• DATA EXTRACT:
==================================================
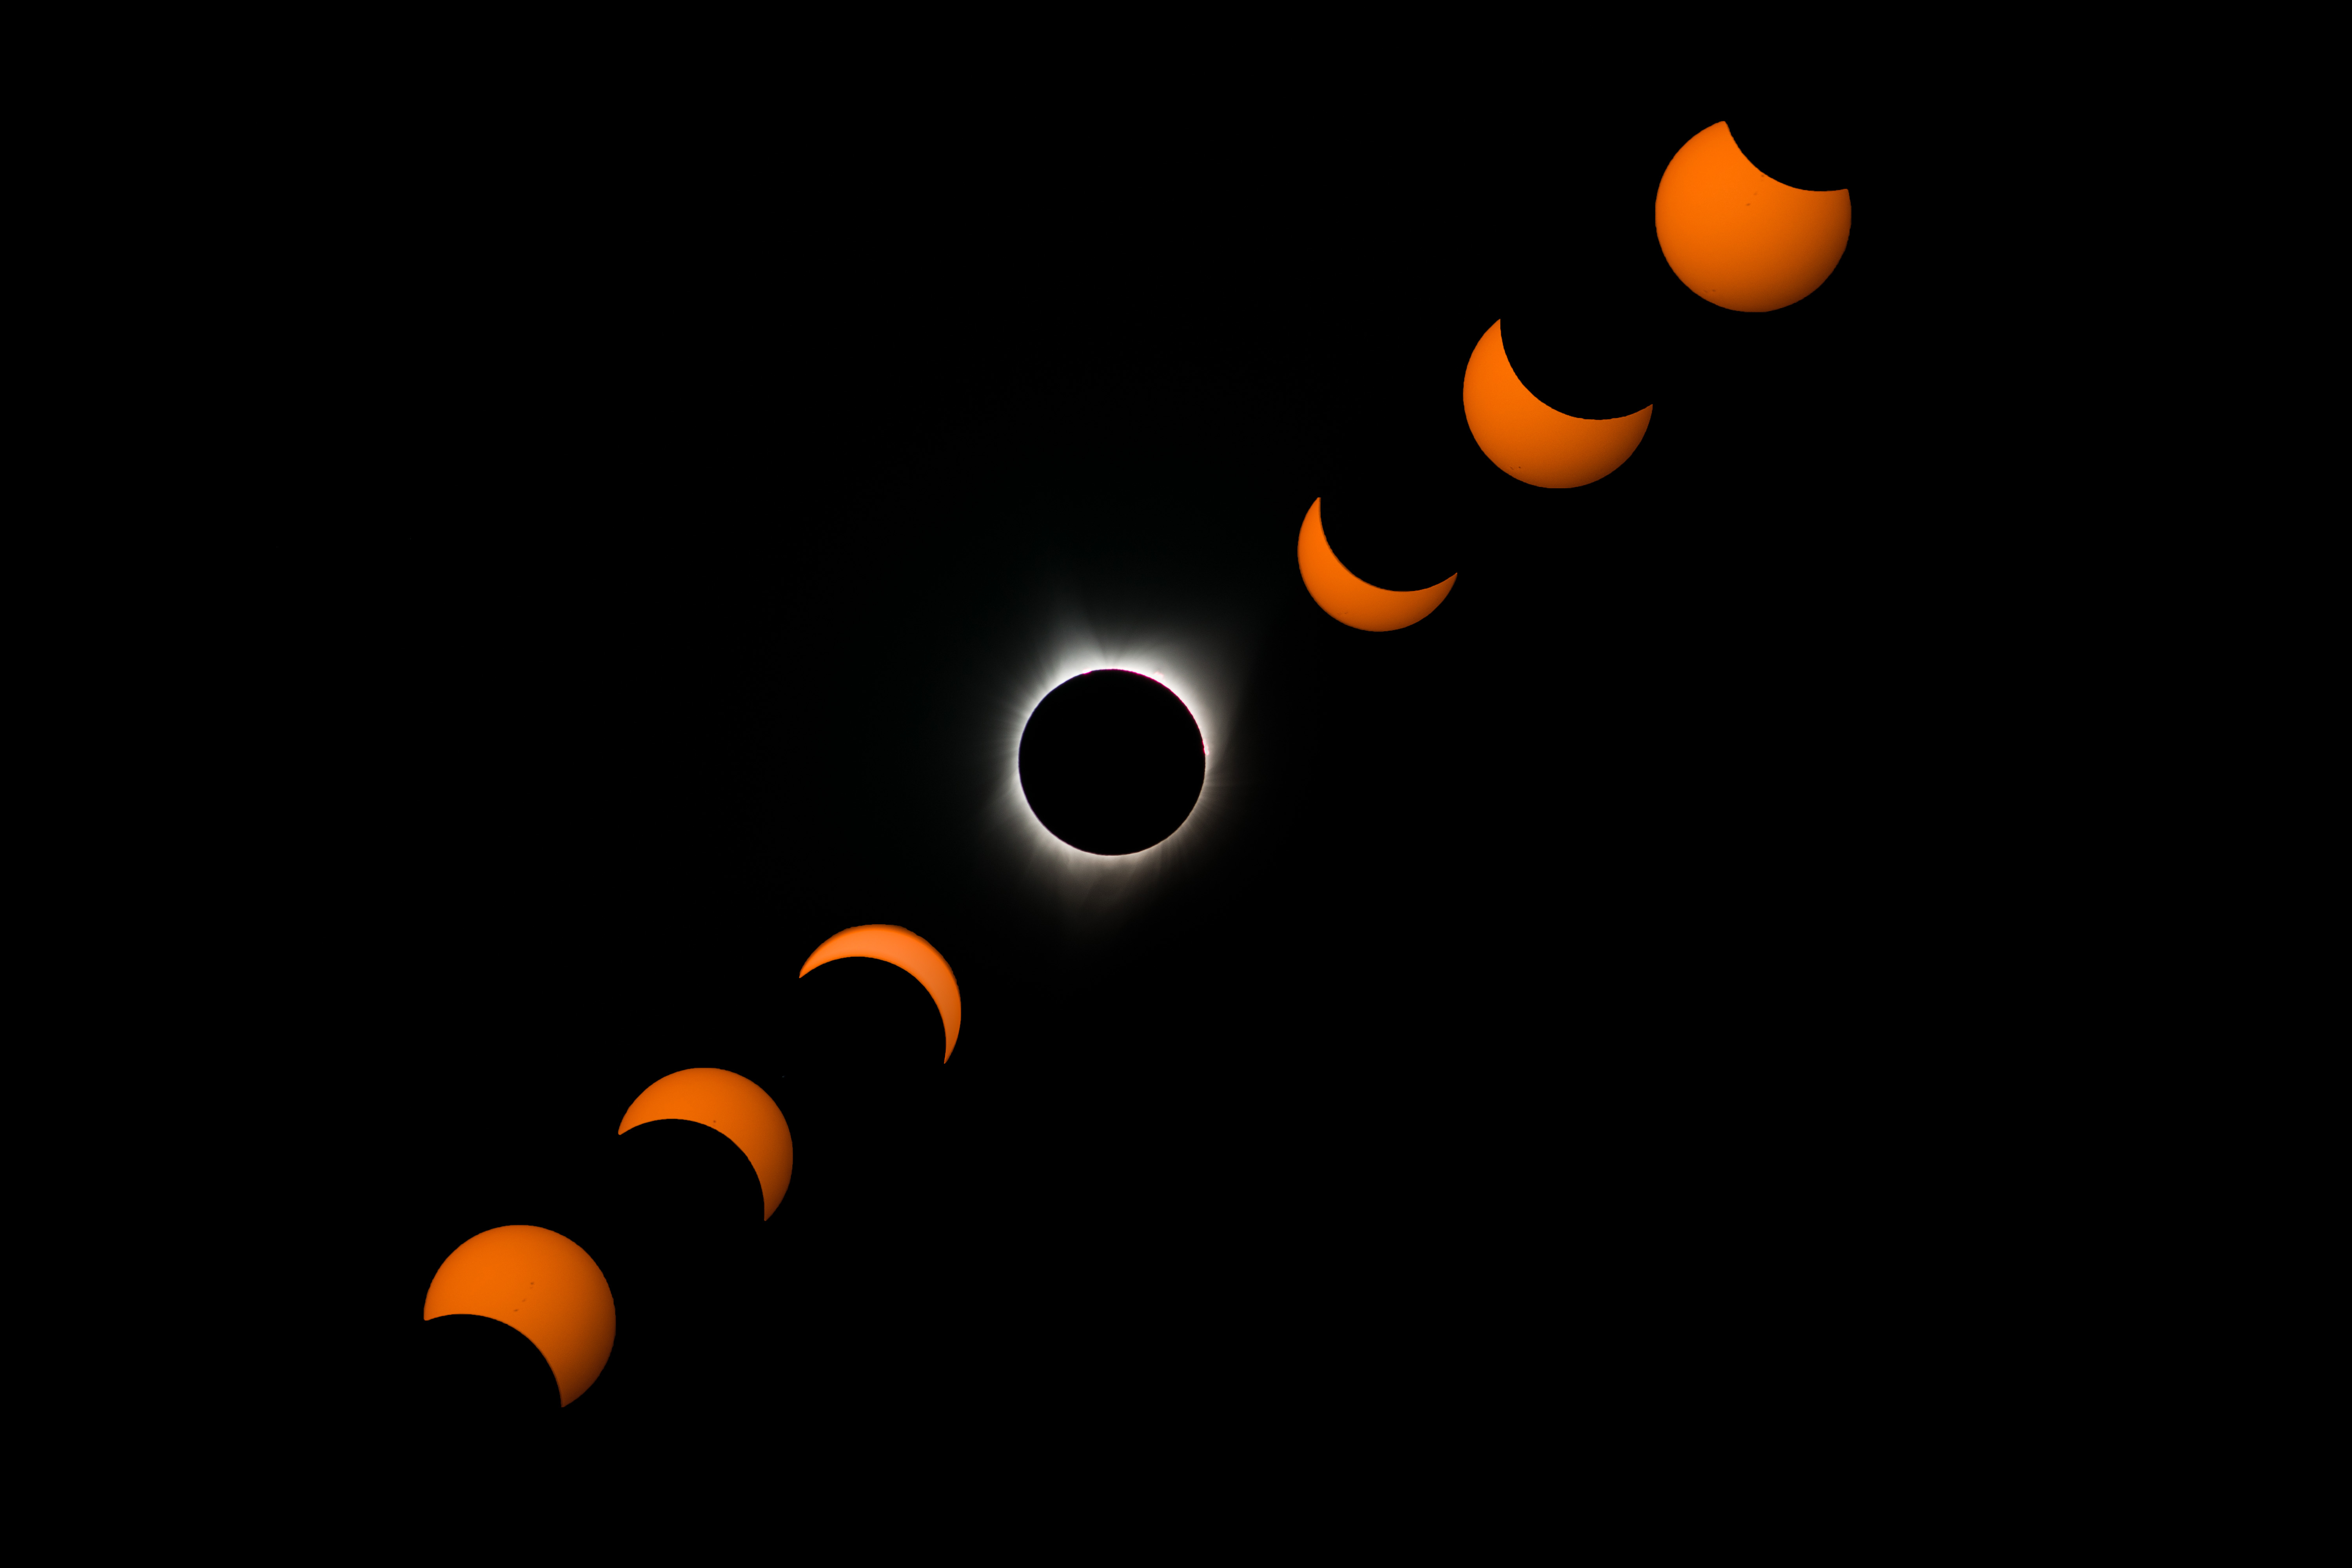 Fotografia do Eclipse Solar
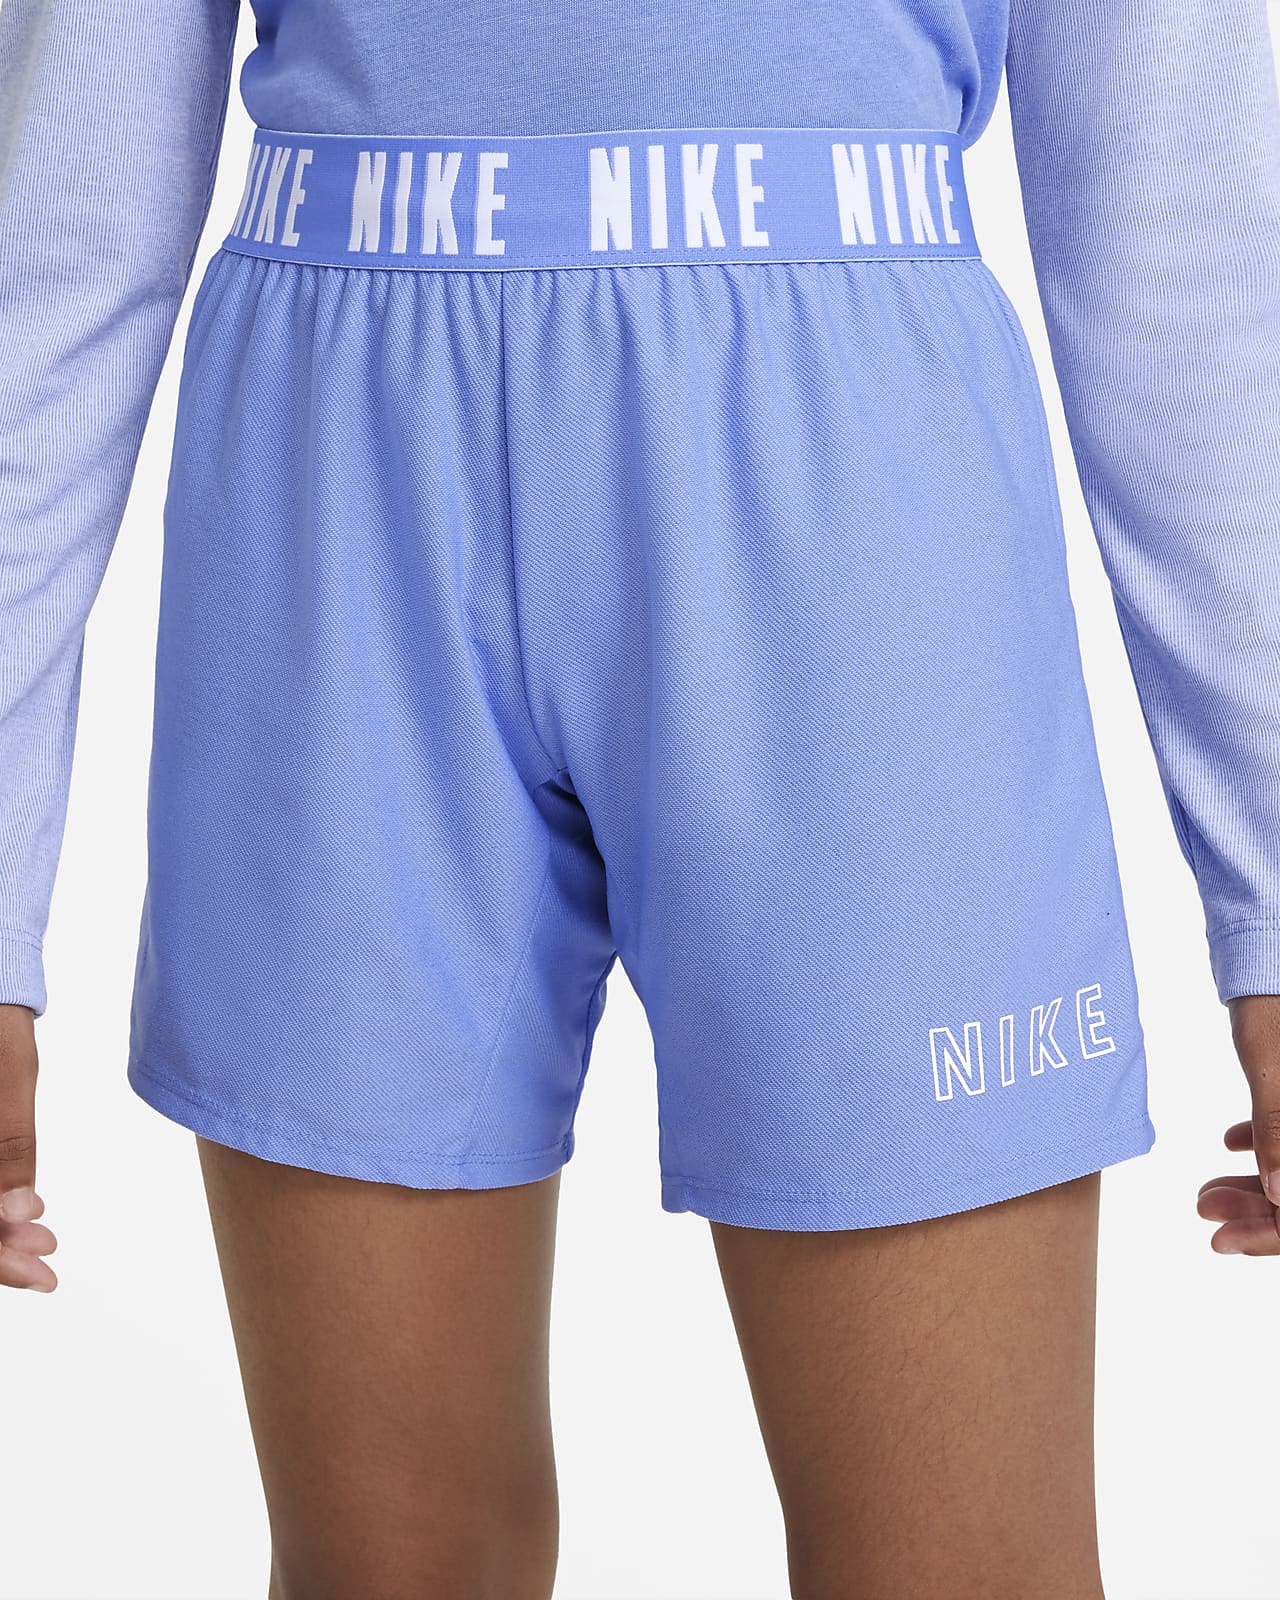 girls blue nike shorts
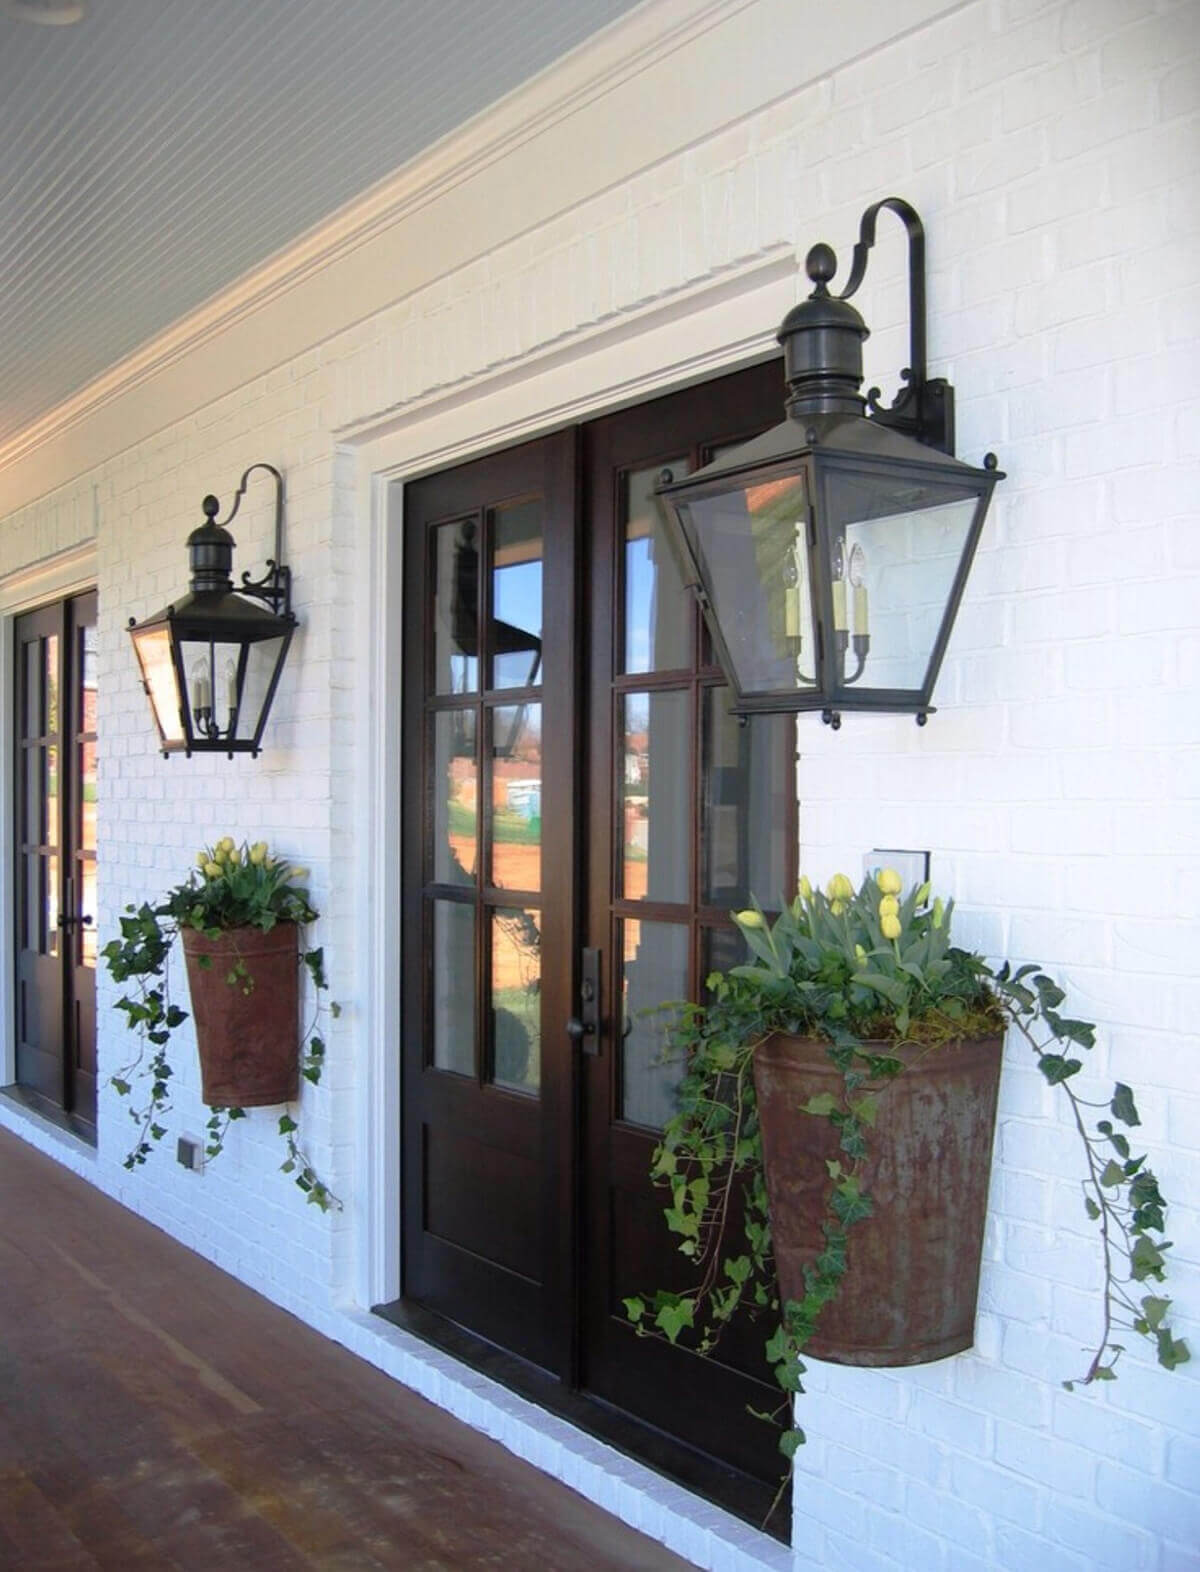  Antique Lanterns and Planters - rustic farmhouse front porch decor
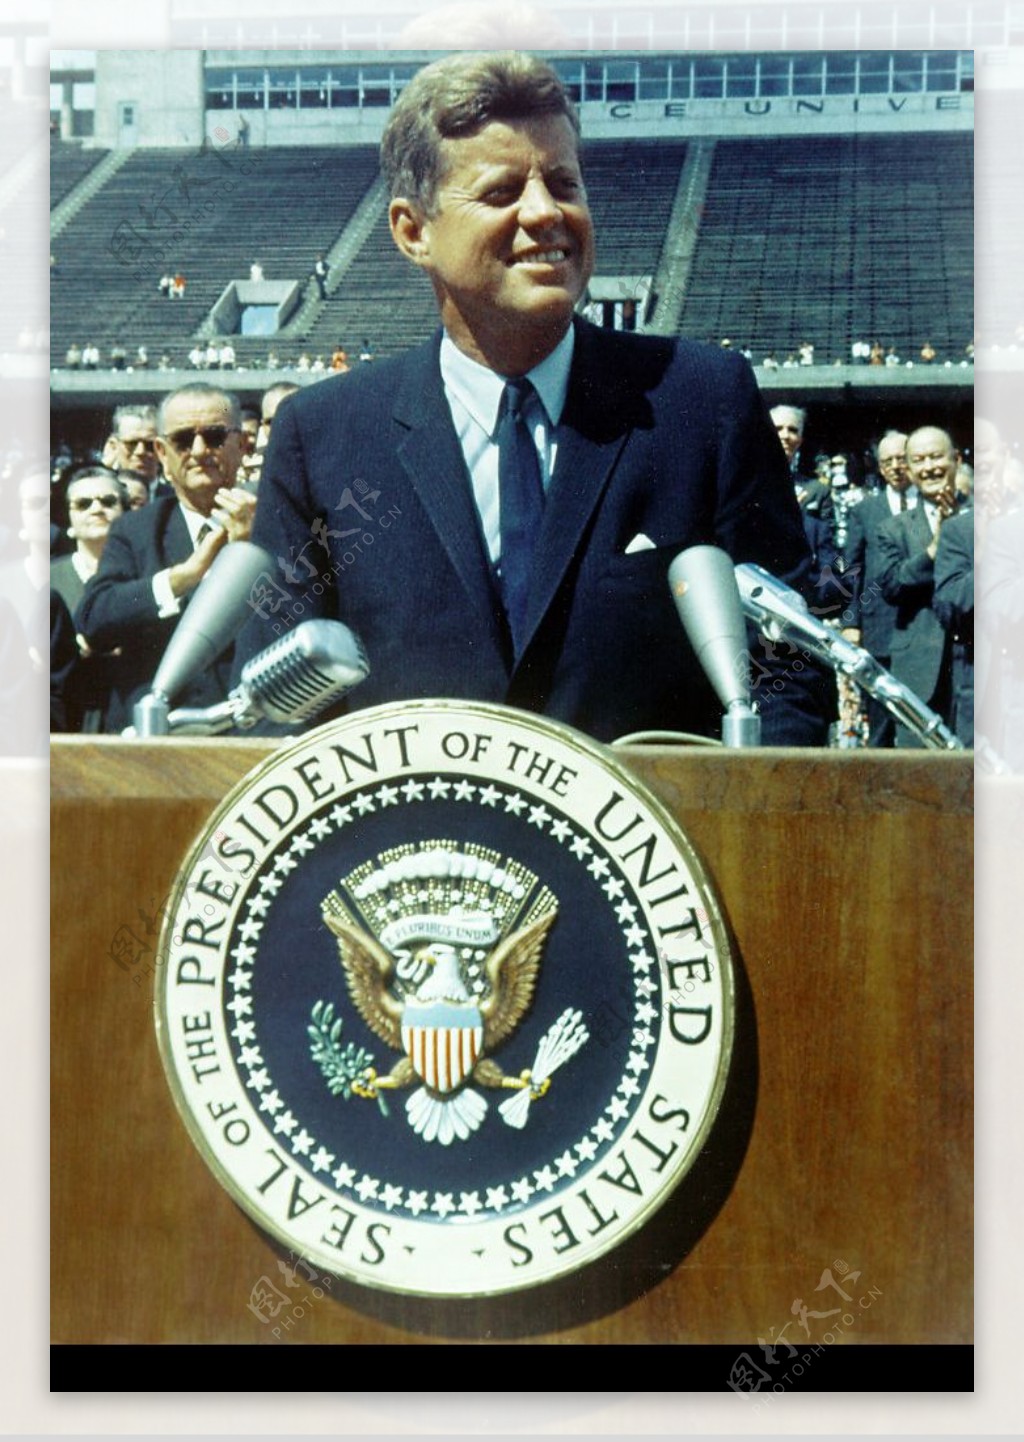 美国总统约翰183F183肯尼迪在赖斯大学
==================================================
Return the listing unchanged, but drop every picture.

• RESPONSE BELOW:
 Fotografia do Eclipse Solar
 girls blue nike shorts
  Antique Lanterns and Planters - rustic farmhouse front porch decor
 美国总统约翰183F183肯尼迪在赖斯大学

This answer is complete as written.